I began by planting fruit trees, hoping that they would feed my child into adulthood. I also began by sprinkling wildflower seeds in the lawn and just waiting for the bouquets to emerge (they never materialized).
It was shortly thereafter, when my mother died, that I truly understood my garden. It was May, but I remember little of that summer, or the few after that. What I do remember is a montage of plunging my arms into the soil, using mud and leaves to patch the great, gaping loss that had torn through me. I remember so slowly realizing that even in the face of death, I could usher things to life. I could surrender to the cycle; I could participate in it. I could destroy slugs and pull buttercups by their roots. I learned that everything has a time to die.

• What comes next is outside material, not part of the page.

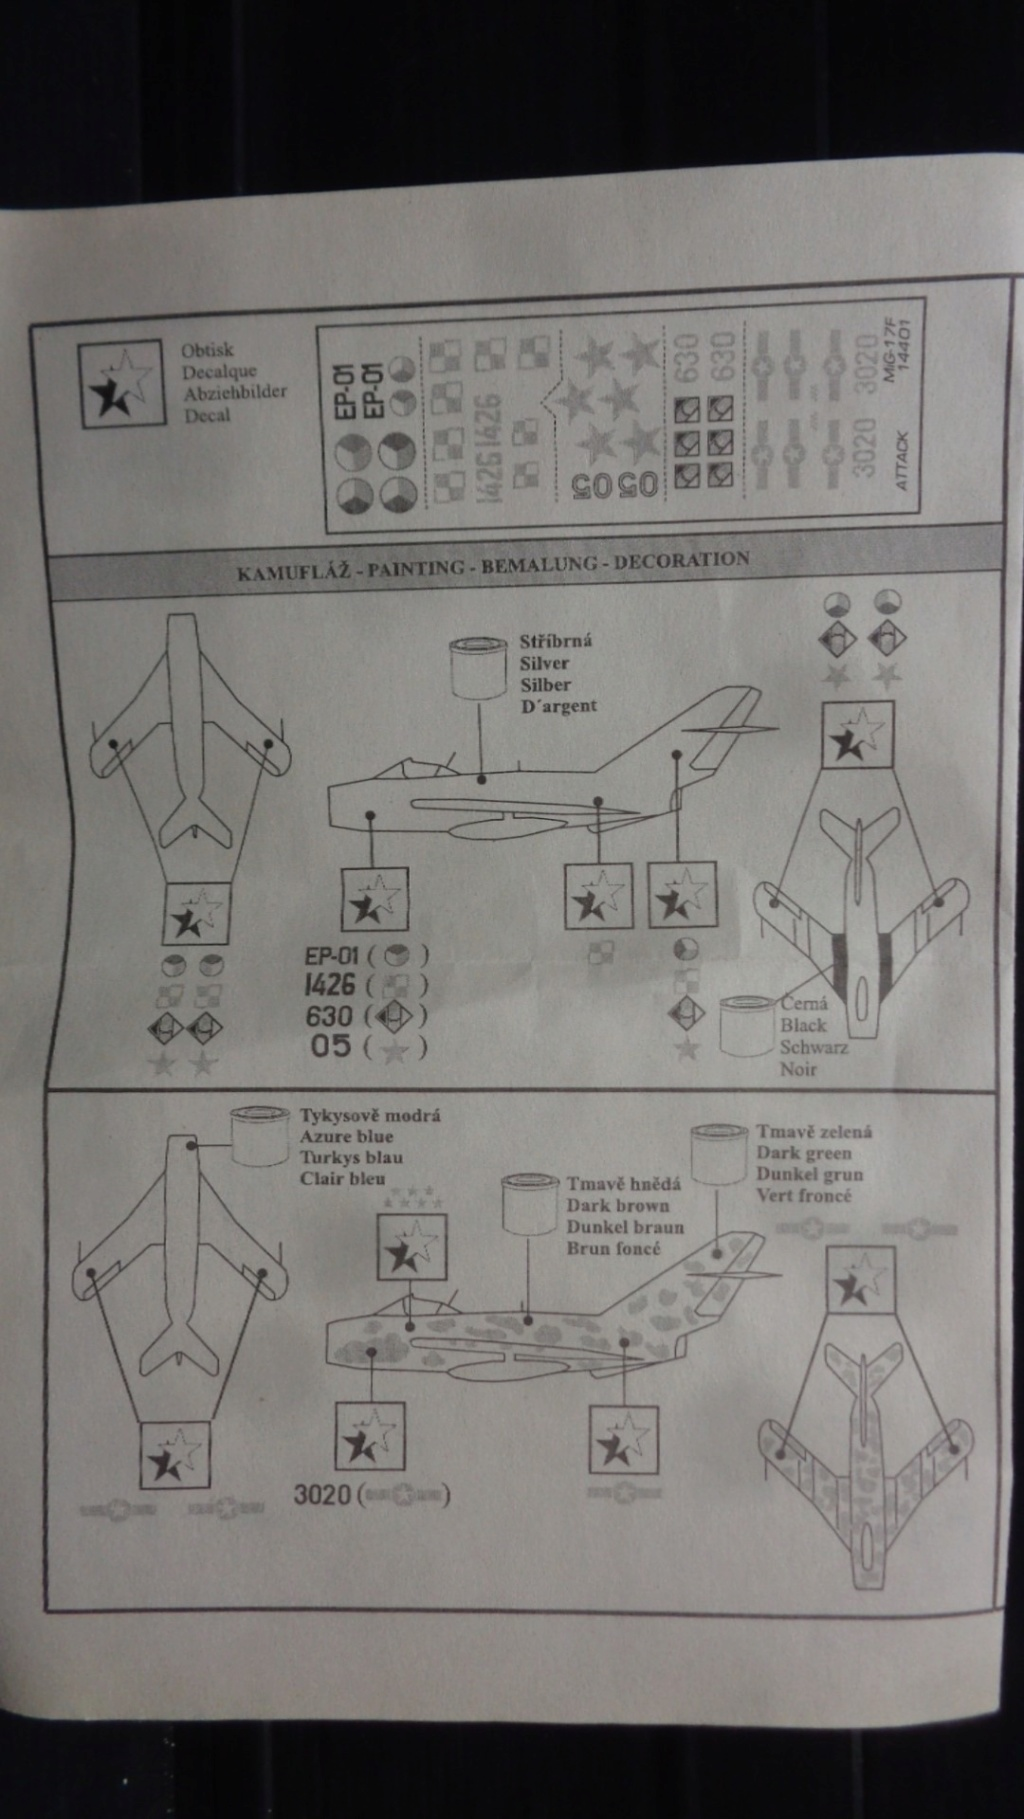 MIG 17 F  Attack Hobby Kits (Jach) 1/144 Dsc07549

And if I had watched at the doorway while my two most precious people had passed through – my daughter into life and my mother into death – I could also try to map out the route they took, in tiny rows of carrots and tangles of Wisteria. Every one of us has, at some point, searched for reason amidst chaos – in religious text, astrology, self-help books. I had dirt beneath my nails and close encounters with a hundred thousand growing things all around me, grasses and hoverflies. I could use them to divine some meaningful patterns, I could craft a sense of order and purpose, even on a minuscule scale.
Over the last 13 years, my garden has grown, and where some things have flourished, others have faded away. It keeps a few secrets – the falling-down fence and chains of blackberry struggling for domination hide the most fragrant roses you could imagine, and some honeysuckle besides. It is untidy and it is romantic, in the broadest sense of the world.
I have returned to this garden after a two year absence. It is still my favourite salve for restlessness, confusion. I really feel like I am making magic, when I am out there – wresting control and being overcome, resurrecting plants I thought were lost, getting drunk on the smell of springtime (there is nothing more intoxicating).
This year, for the first time, I am recognizing that this land does not truly belong to me – this is unceded K’omox territory, and my ownership, my order, is a beautiful illusion. The relationship I have with the land is a gift (albeit one that comes at the expense of others), and “my” garden is as temporary as I am.